DESCRIPTION OF THE TASK —
Once you find the line with "Pantalon beige droit 5 poches - Image 7" in the listing below, set down exactly every line from it through the line with "Belarus Opposition Figures Trial", but no pictures.

SOURCE INFORMATION —
++++++++

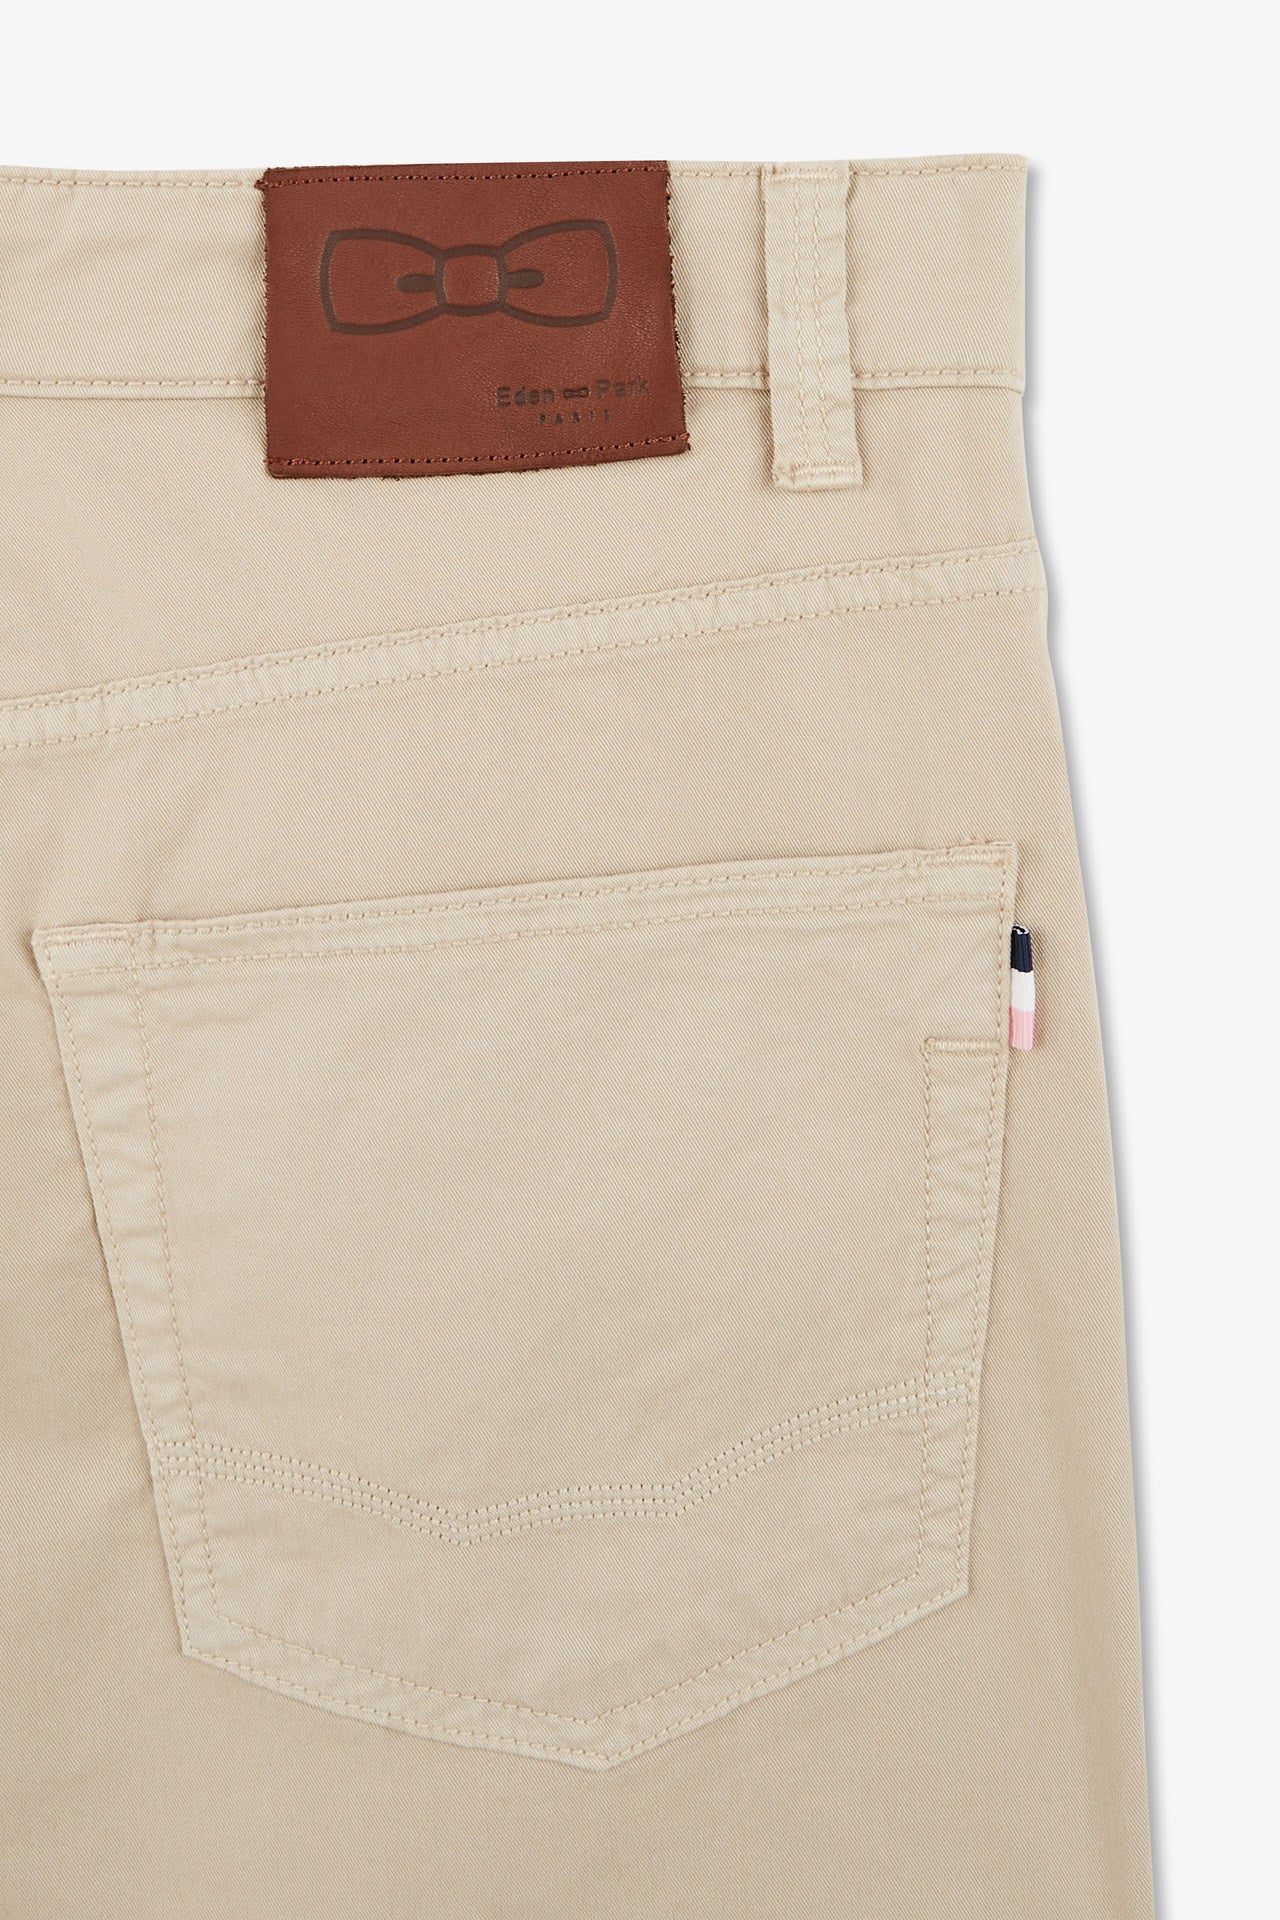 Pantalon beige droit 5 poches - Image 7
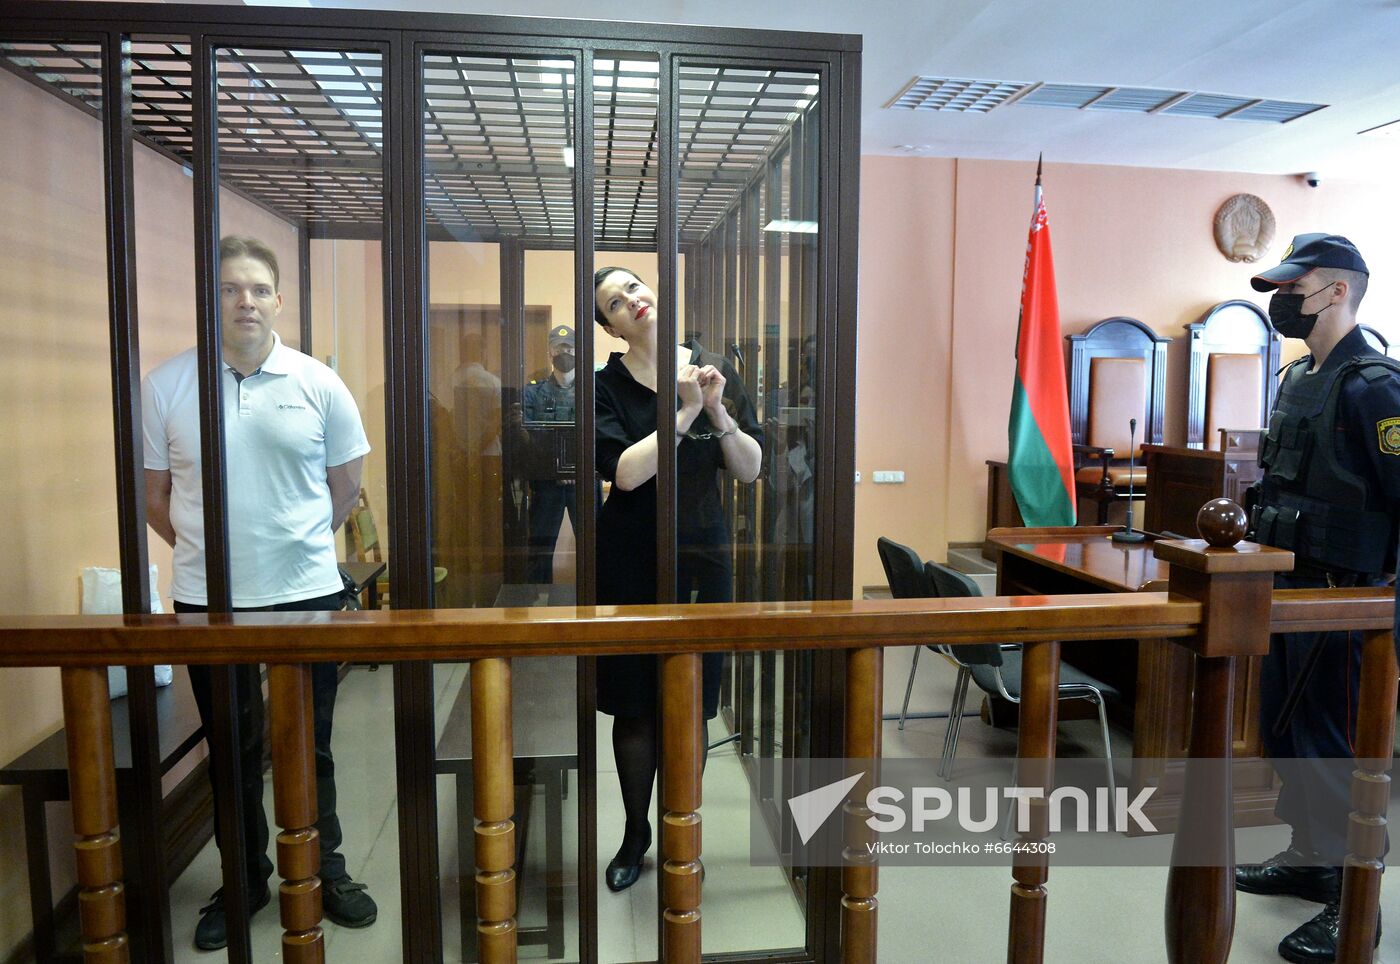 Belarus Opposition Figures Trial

++++++++

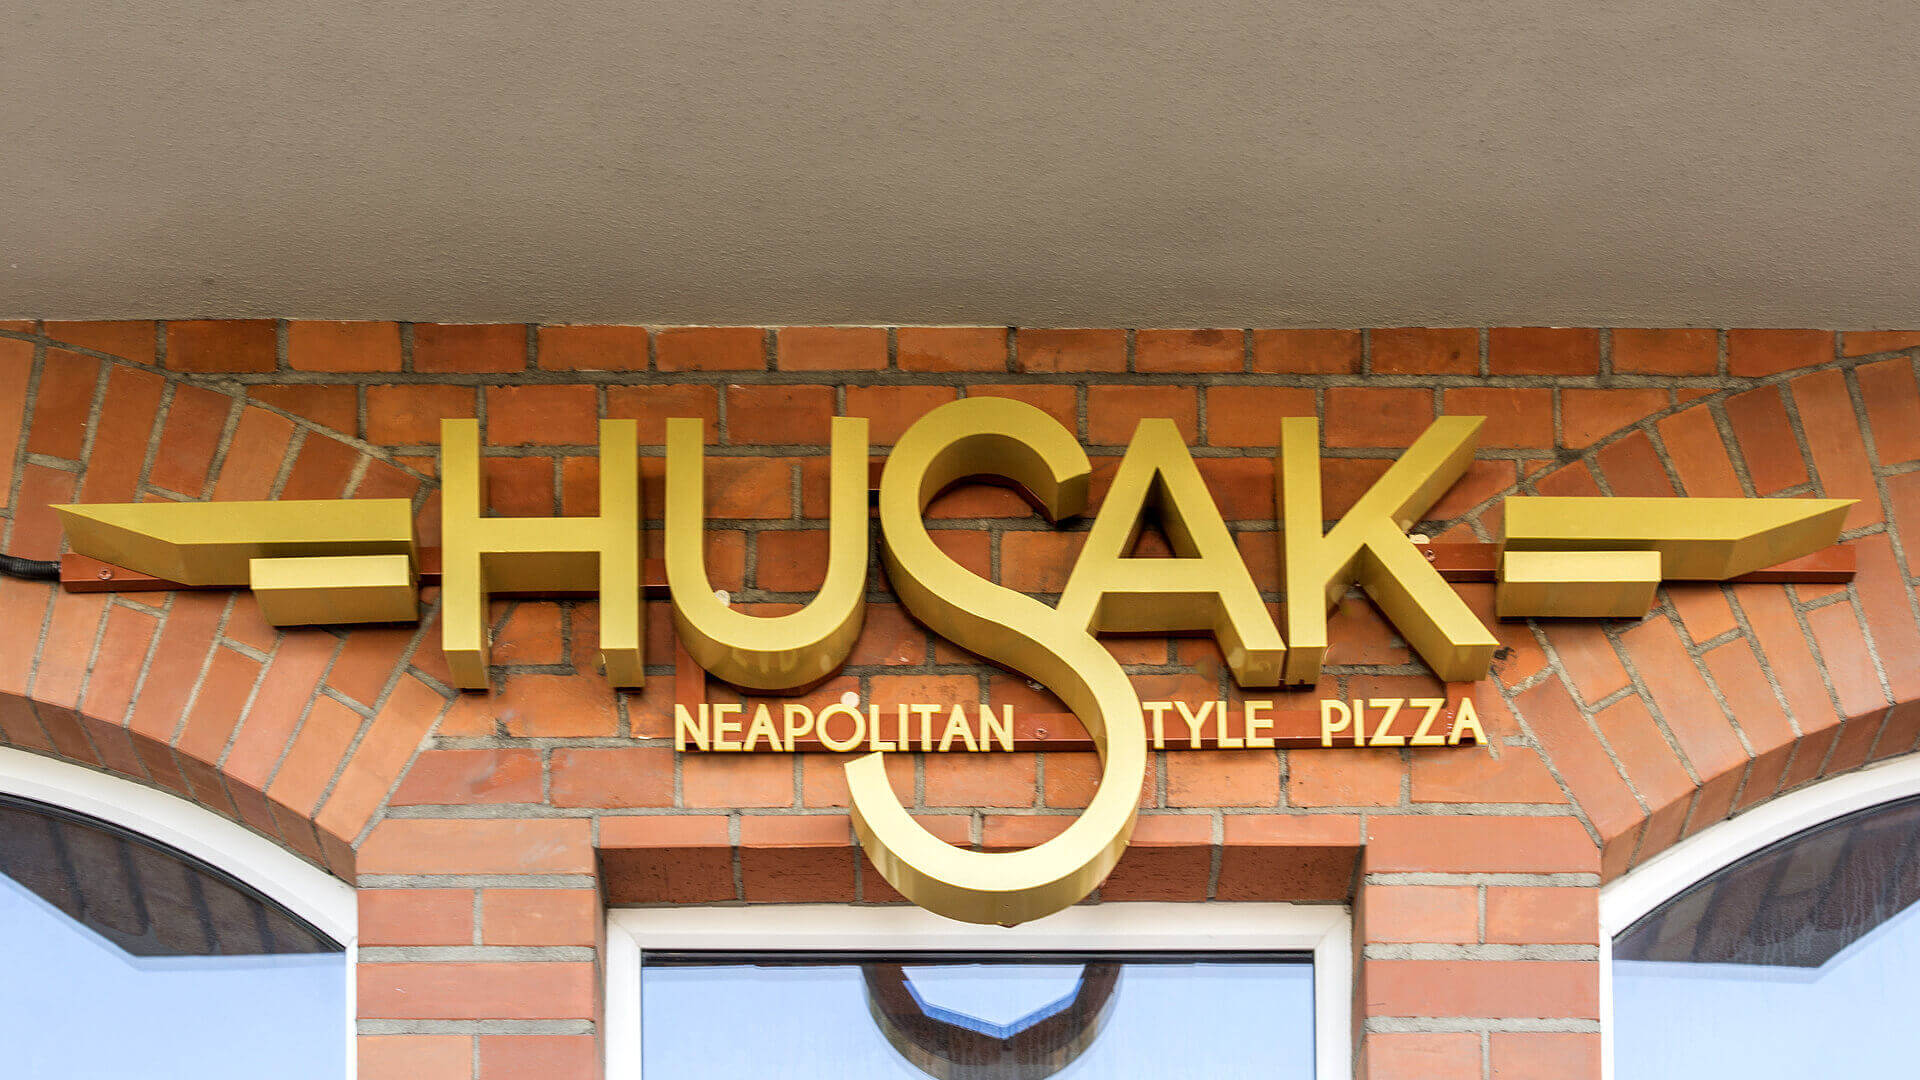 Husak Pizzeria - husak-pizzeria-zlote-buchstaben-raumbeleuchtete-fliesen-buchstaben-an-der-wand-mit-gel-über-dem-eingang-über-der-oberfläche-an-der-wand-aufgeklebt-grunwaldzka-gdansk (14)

++++++++

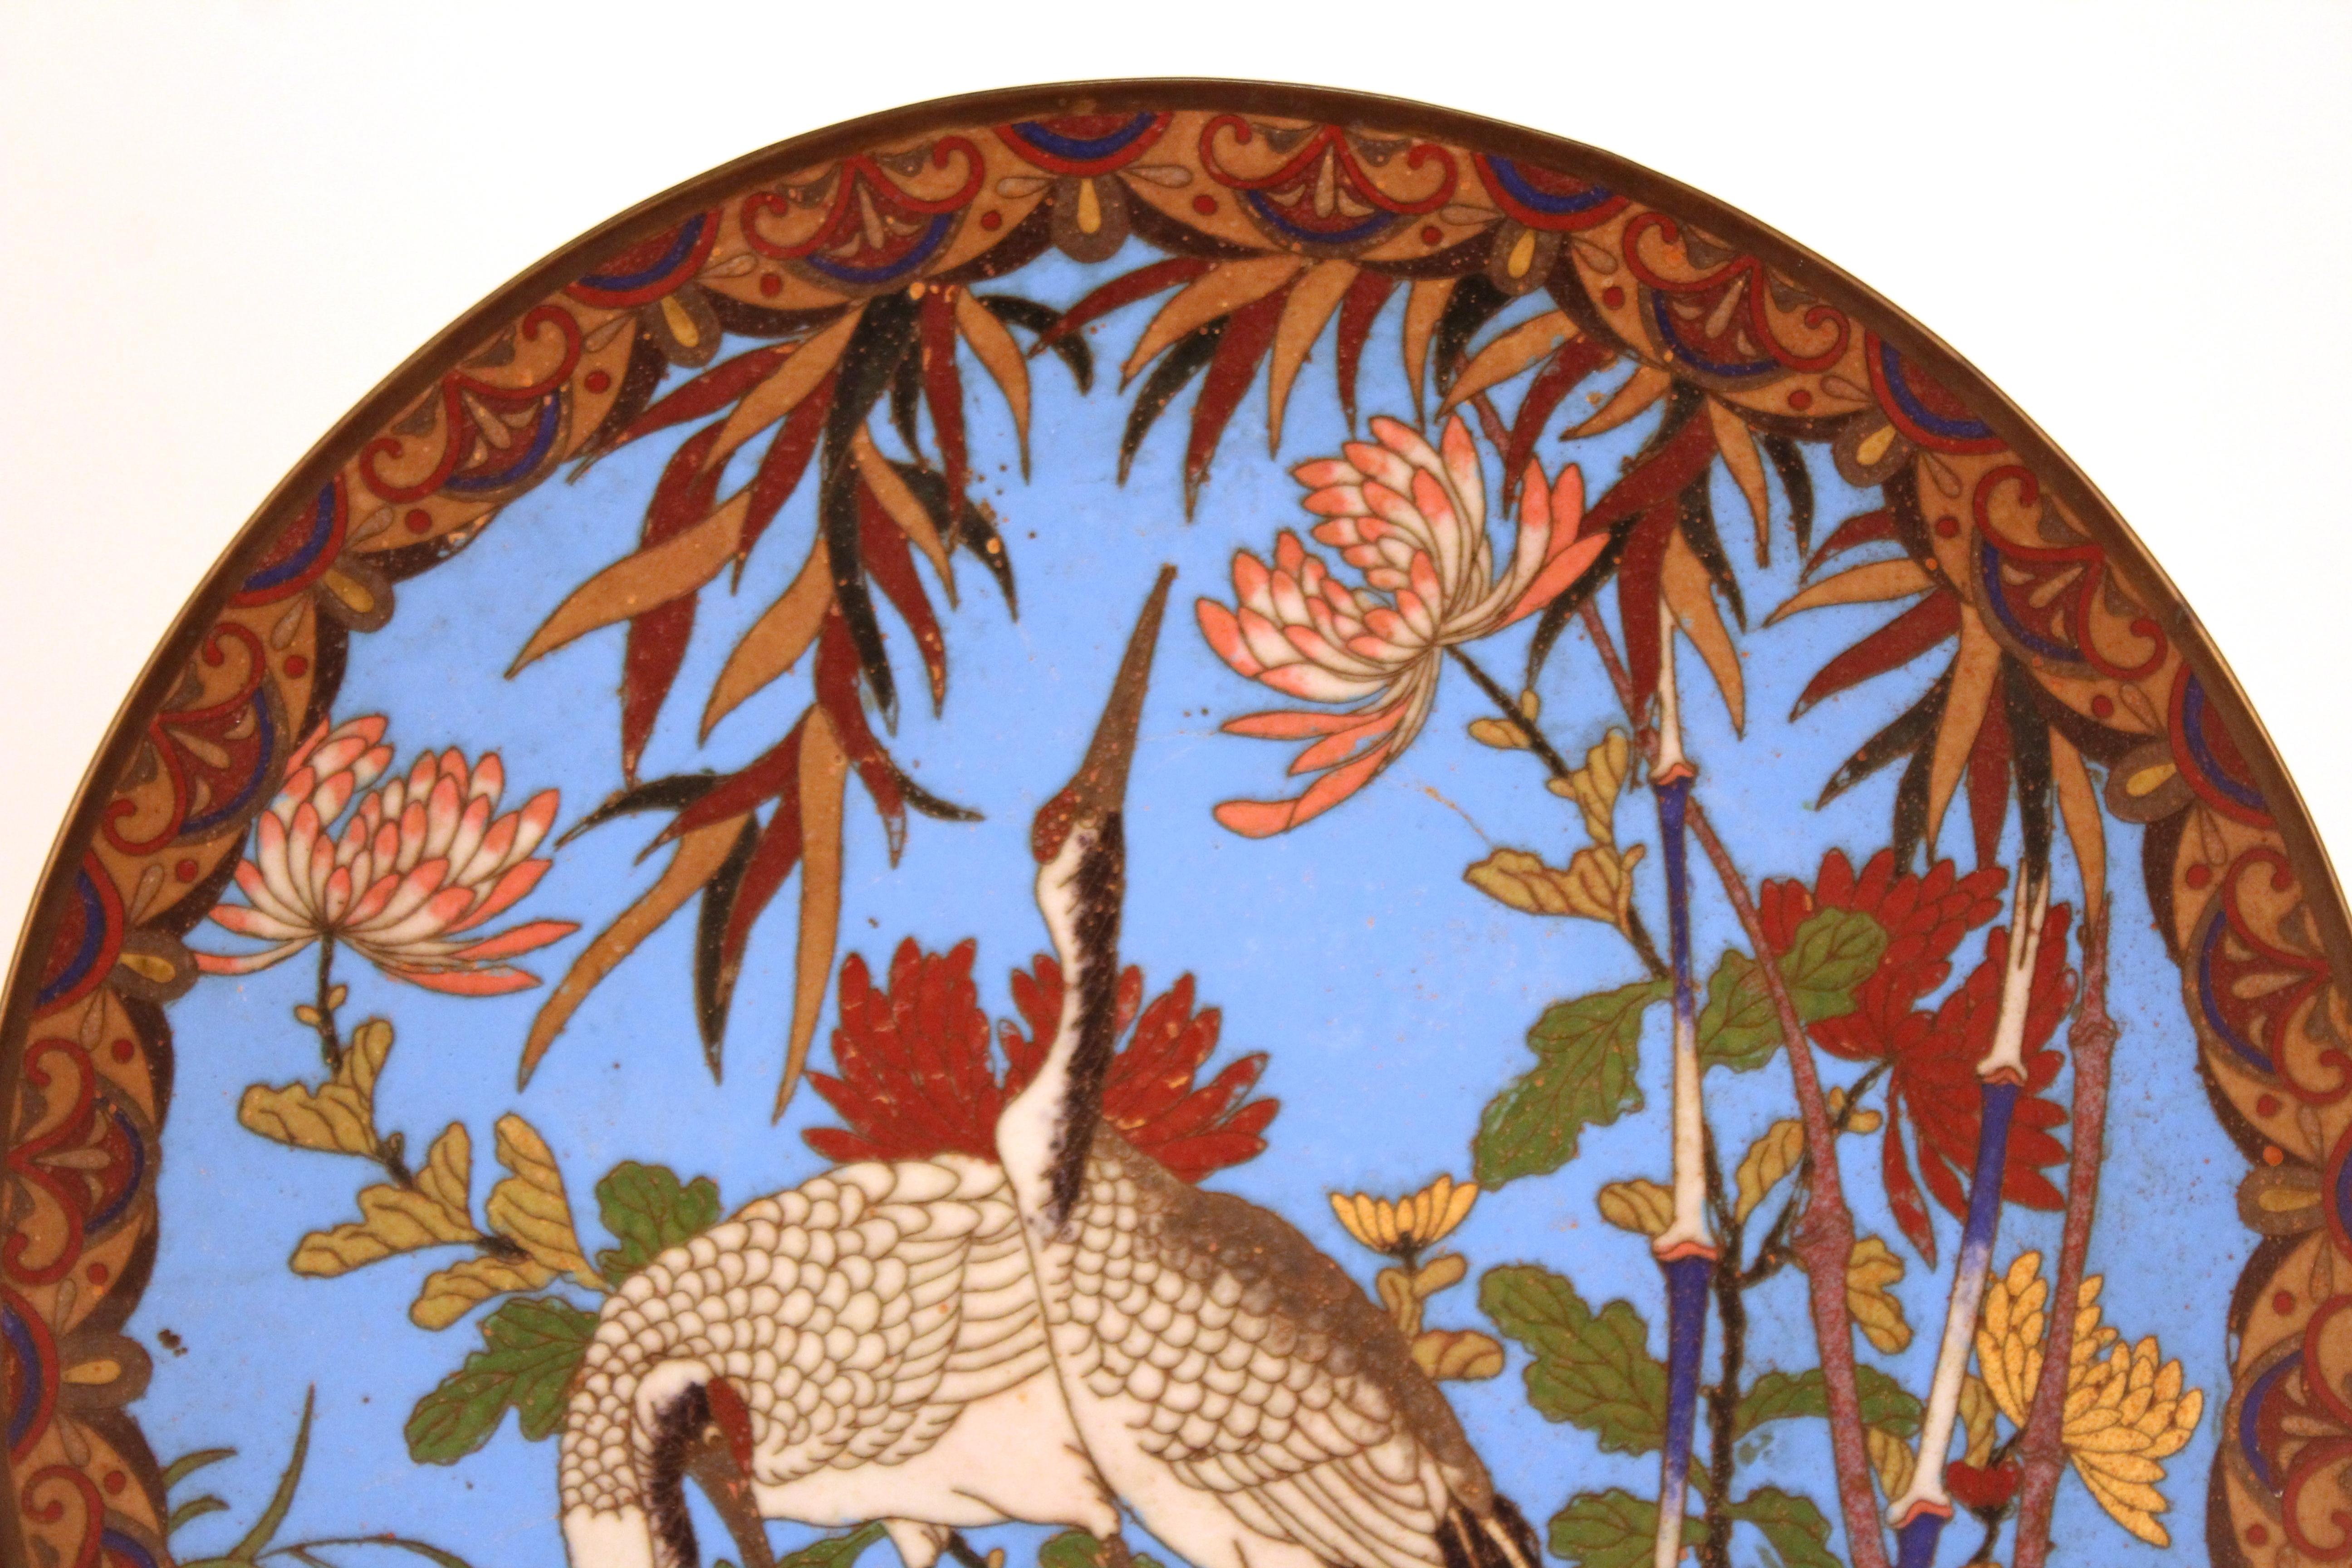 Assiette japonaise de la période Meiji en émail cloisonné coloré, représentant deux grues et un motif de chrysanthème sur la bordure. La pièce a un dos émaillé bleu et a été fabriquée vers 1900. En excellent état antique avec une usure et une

++++++++

ANSWER —
 Pantalon beige droit 5 poches - Image 7
 Belarus Opposition Figures Trial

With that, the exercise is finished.